Nitrous oxide (N2O), often referred to as "laughing gas", is a potent greenhouse gas with a global warming potential (GWP) 273 times that of carbon dioxide for a 100-year timescale, according to the US EPA. This gas can be produced and directly emitted from wastewater treatment plants, and thus cause a considerable contribution to the plant's carbon footprint. Sensors  detecting nitrous oxide can help to optimise wastewater treatment processes and minimise nitrous oxide emissions while effectively removing nitrogen from the water. Most sensors detect nitrous oxide in the gas phase (directly after emission from the water phase), but direct measurements in water are also possible.
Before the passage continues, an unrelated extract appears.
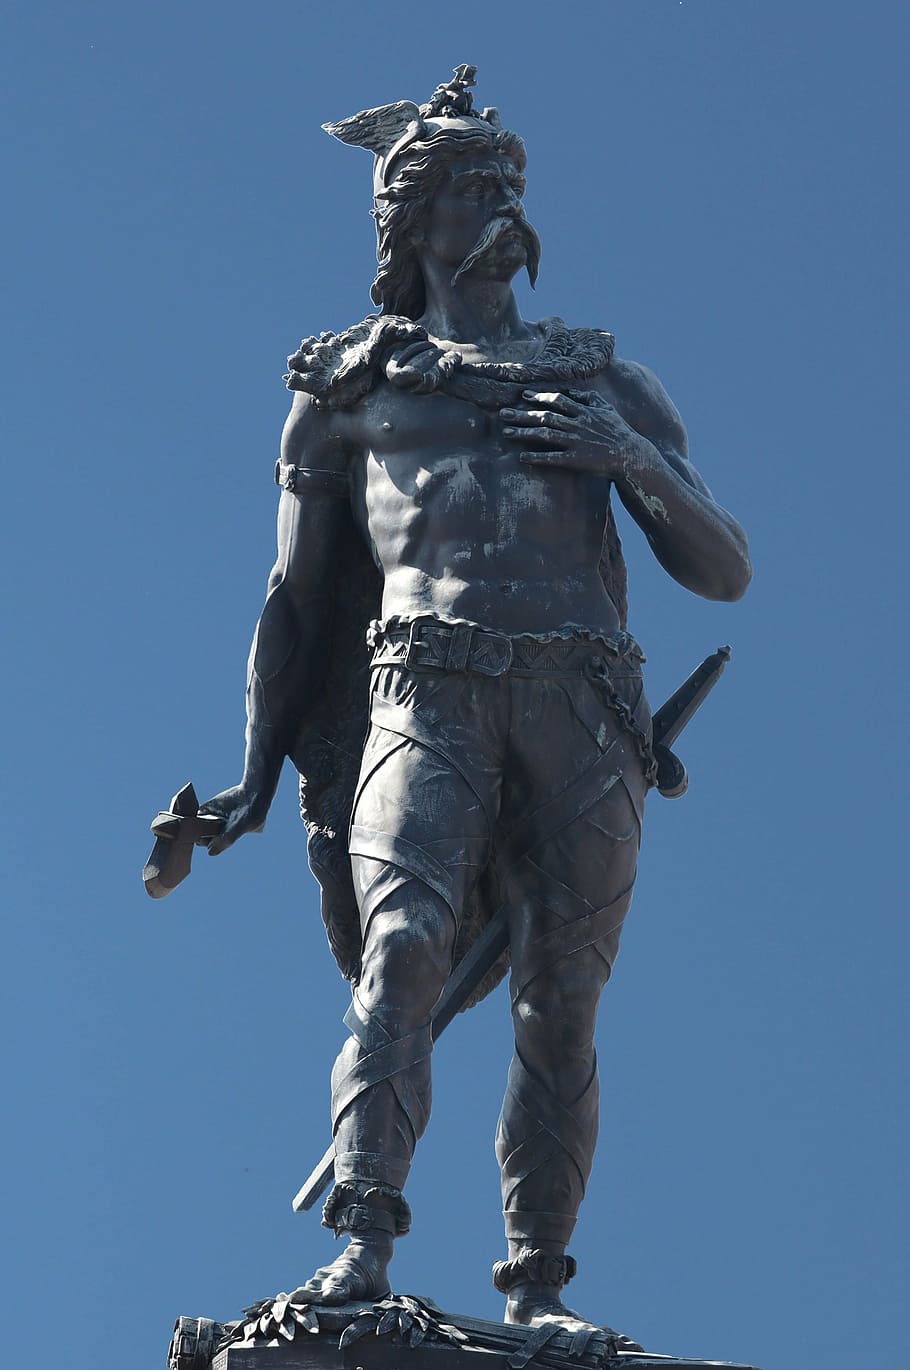 ambiorix, statue, tongeren, ケルト王, エブロネン, リーダー, 戦士, フィールドヘル, ローマ人に対するリーダー, ベルギー

Available sensor technologies

Most available sensors detect nitrous oxide in its gas form, immediately upon emission from the water phase. However, nitrous oxide measurements directly in water are also possible, using a miniaturized Clark-type sensor (see e.g., Unisense). A Clark-type sensor, also known as a Clark electrode, is an electrochemical sensor which was invented by British biochemist Leland C. Clark in the 1950s and has since been widely used in various applications, including environmental monitoring, medical devices, and research. The basic principle behind a Clark-type sensor involves the electrochemical reaction that occurs at the sensor's electrodes. The sensor typically consists of two electrodes submerged in an electrolyte solution. One electrode is a working electrode made of a noble metal like platinum, and the other is a reference electrode.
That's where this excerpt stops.